Background: Current practice advocates anticoagulation therapy in patients who develop atrial fibrillation (AF) during acute myocardial infarction (AMI). However, while the poorer prognosis of these patients was documented, a prognostic distinction between "early" and "late" AF onset has not been conducted. It is possible that a different AF pathogenesis of the two may be associated with a different prognosis.
Aim: To evaluate the clinical outcomes of "early" vs. "late" AF during AMI.

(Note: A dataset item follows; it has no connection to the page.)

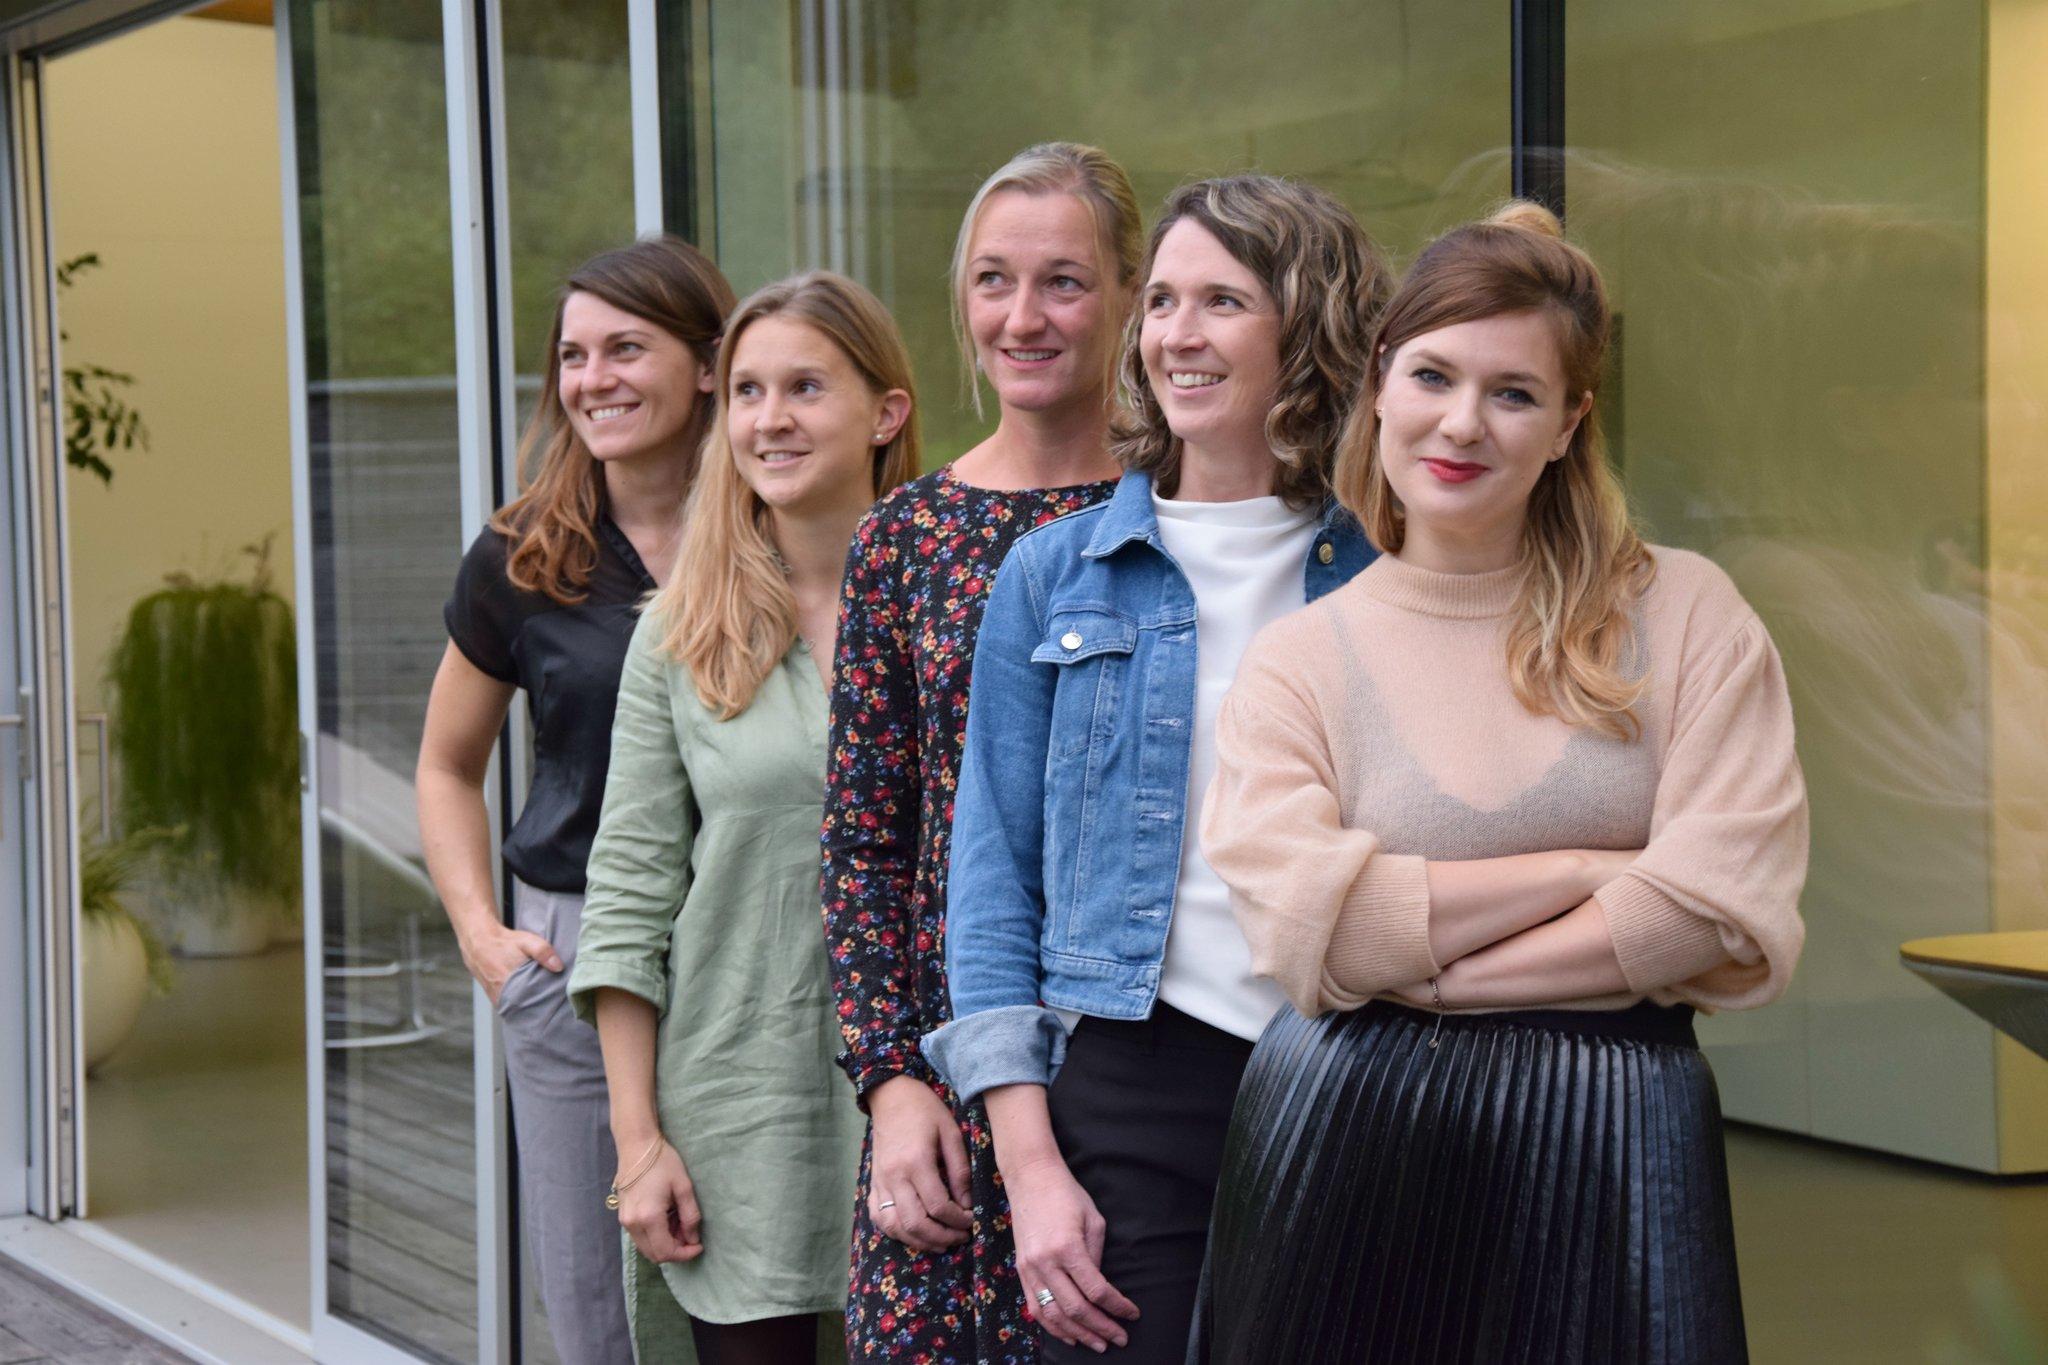 Frauenfrhstckstreffen Rohrbach - autogenitrening.com

Methods: A retrospective, single tertiary referral center study. Consecutive patients with ST or non-ST AMI, admitted between 01/01/2002 to 30/09/2014 were included. Patients were excluded if they had a previous AF, AMI onset ≥24 hours, died within 24 form admission, had significant cardiac valve dysfunction or replacement. Clinical data were obtained from the hospital’s computerized medical records. AF was verified by reading patients’ ECG. The study population included: AMI without AF, "early AF" (AF terminated within 24 hours) and "late AF" (onset or continuing after the first 24 hours) of admission and patients were followed for a mean of 6 years Data were obtained from the Clalit’s electronic medical records. End Points included all-cause mortality and ischemic stroke.
Results are presented in the Table.
Comment: Patients with “early AF” do not have high risk for stroke compared with patients without AF, questioning the need for long-term anticoagulation. However, that group has a higher mortality rate than patients without AF in that setting.